METHODS: At 6 perioperative time points in 25 patients, plasma levels of atrial natriuretic peptide, brain natriuretic peptide, and guanosine 3', 5'-monophosphate were measured, and the biologic activity of the natriuretic hormone system was quantified. Relationships were sought between changes in brain natriuretic peptide levels, biologic activity, and a number of morbidity indicators.

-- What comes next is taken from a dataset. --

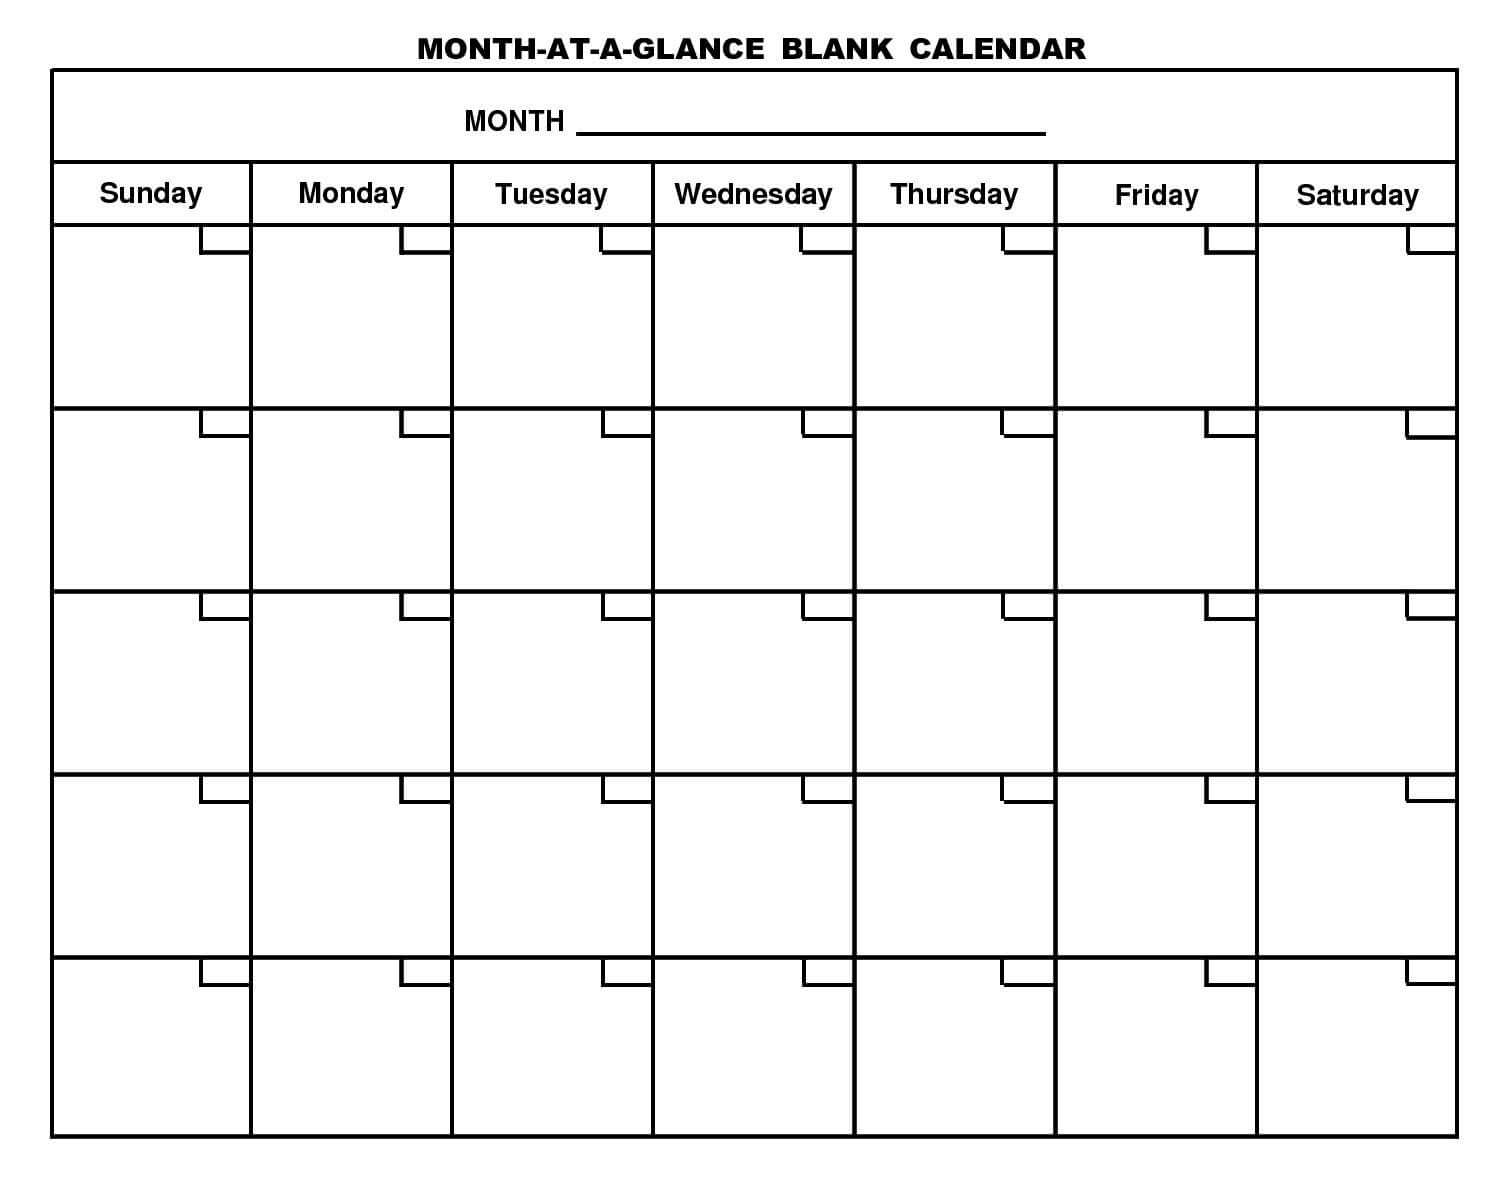 Free Printable Monthly Calendar With Large Boxes Skymaps Throughout Month At A Glance Blank Calendar Template
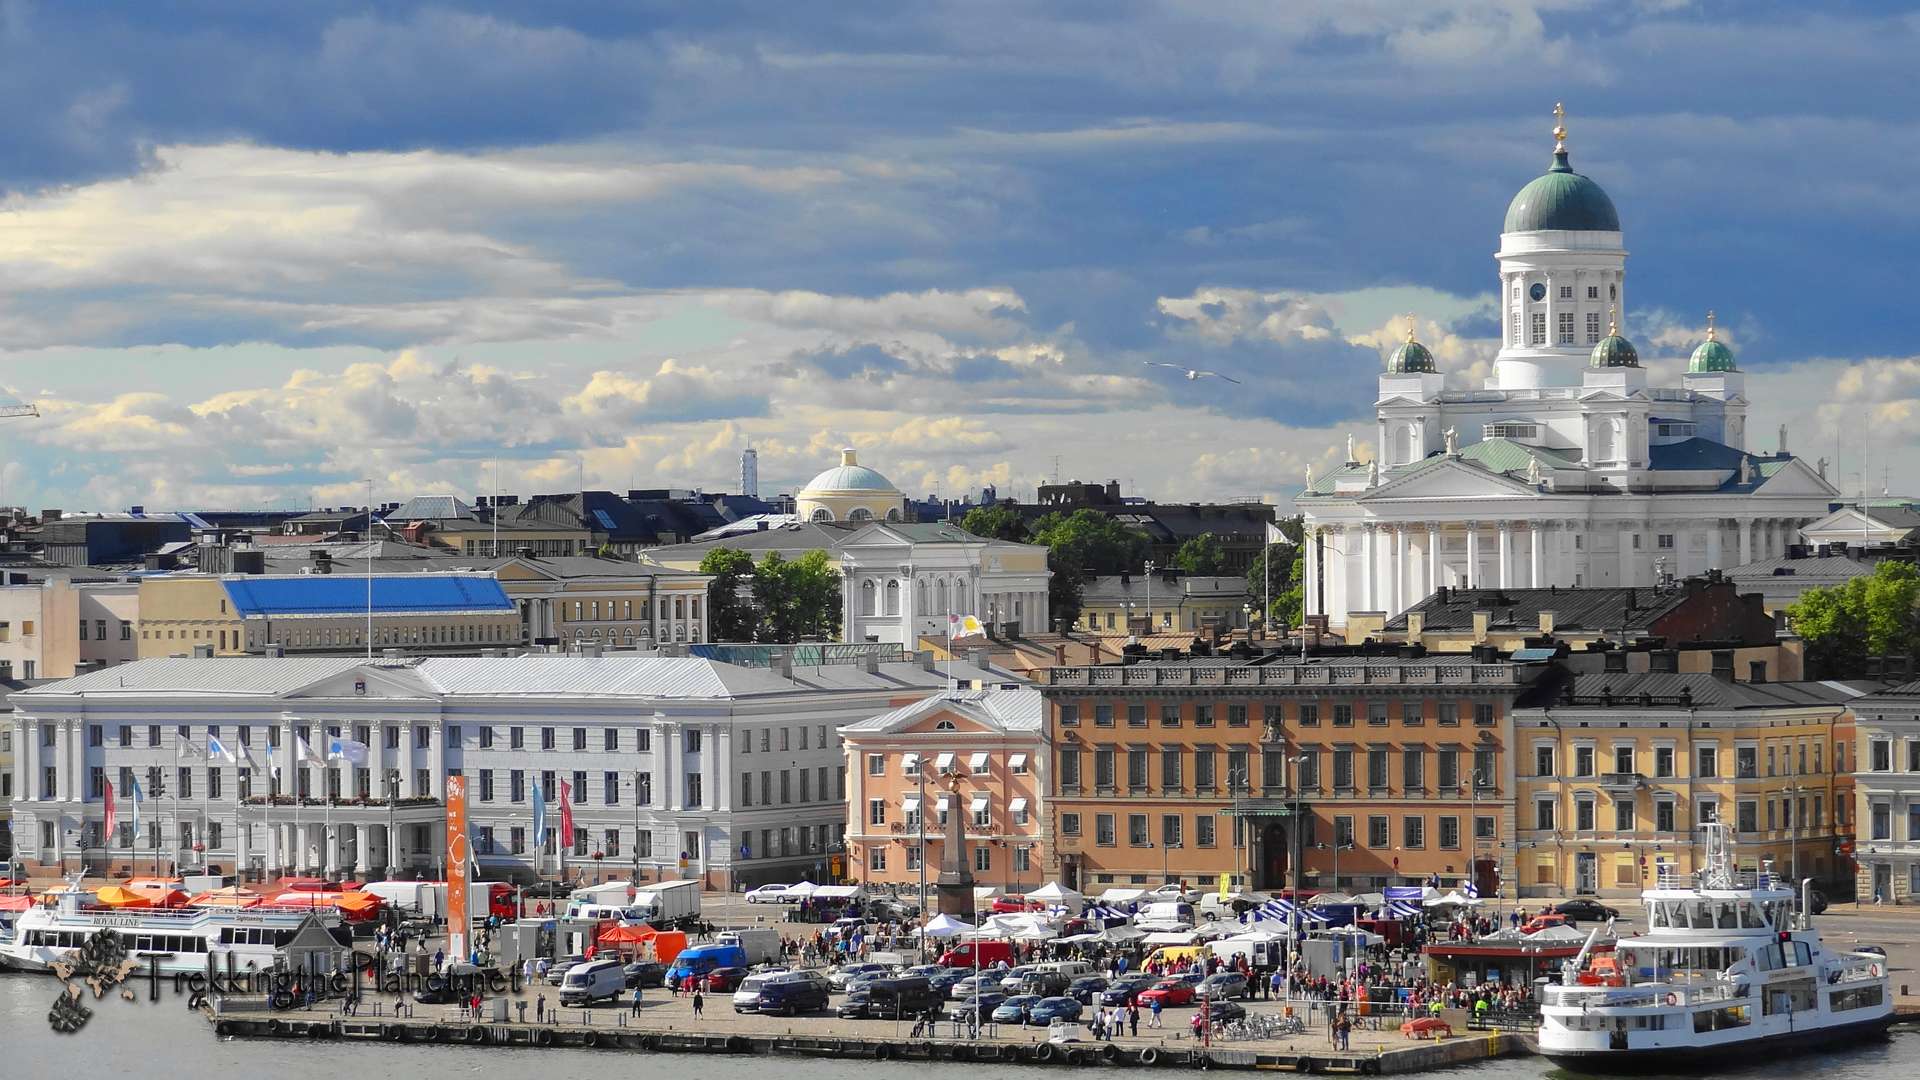 Helsinki Finland Picture and videos and news

RESULTS: There was a significant change in atrial natriuretic peptide levels (P = .037), brain natriuretic peptide levels (P = .001), and biologic activity of the natriuretic hormone system (P = .009) over the first 4 time points in the study. Atrial natriuretic peptide levels transiently decreased from baseline to 12 hours after surgical intervention. Compared with baseline values, brain natriuretic peptide levels were increased at 12 hours after surgical intervention and on postoperative day 1. The increase in brain natriuretic peptide levels from baseline to 12 hours after surgical intervention was associated with cardiopulmonary bypass time (r _s = 0.4, P = .047). The biologic activity transiently decreased from baseline to intensive care unit admission but was not associated with any morbidity indicators.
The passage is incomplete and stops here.